Tampons provide a Way to Detect Sewage Leaks

Tampons provide a Way to Detect Sewage Leaks

Researchers have devised a new way to detect sewage leaks. They placed tampons in 16 surface water sewers and retrieved them after 3 days. After this, they tested them under UV light. The research team successfully detected grey water contamination. They also determined a positive and negative result for clean water.

The researchers explained that the natural, untreated cotton in tampons readily absorbs chemical commonly used in toilet paper, laundry detergents and shampoos. Known as optical brighteners, these chemicals enhance whites and brighten colors.

Professor David Lerner who led the study said, “The main difficulty with detecting sewage pollution by searching for optical brighteners is finding cotton that does not already contain these chemicals”. This is the reason why tampons provide a brilliant solution. The new method is cheap and works effectively.

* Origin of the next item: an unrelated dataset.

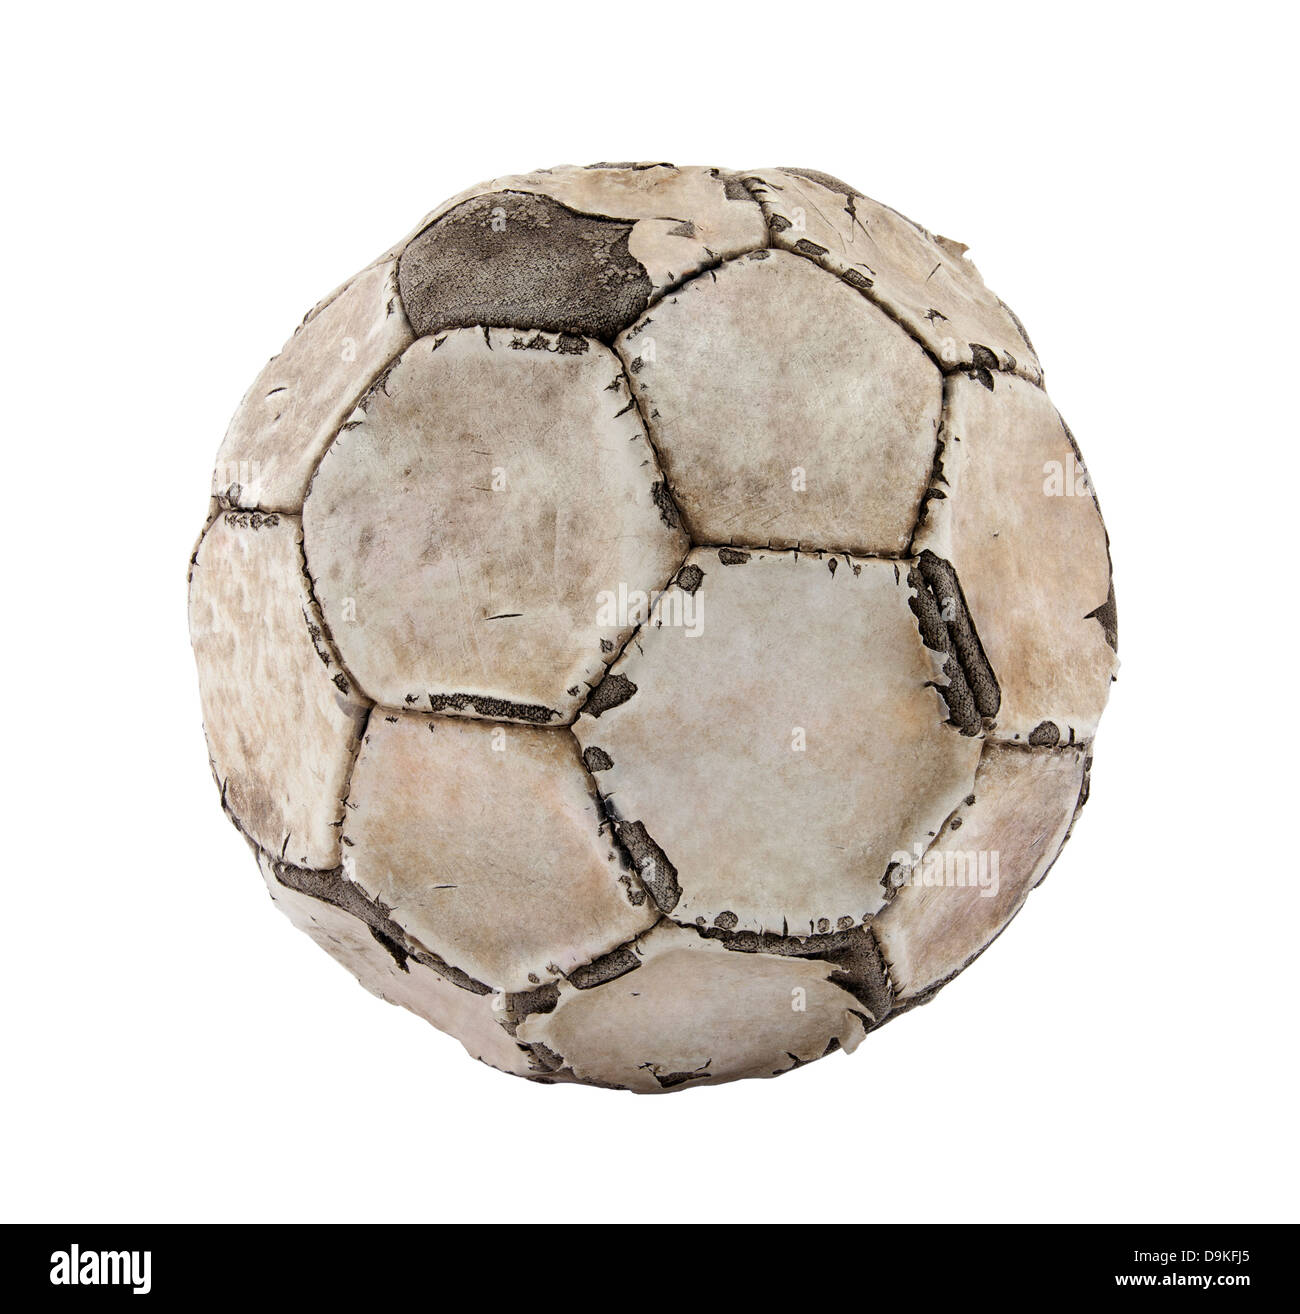 Balón de fútbol antiguo con trazado de recorte Fotografía de stock - Alamy

The researchers dipped a tampon into a solution containing 0.01ml of detergent per liter of water. After five seconds, they found that the optical brighteners were easy to identify and remained visible for the next 30 days.

The researchers then suspended tampons for three days in sixteen surface water outlets running into streams and rivers in Sheffield. They then tested them under UV light and found that the tampons glowed and confirmed the presence of optical brighteners, and therefore sewage pollution.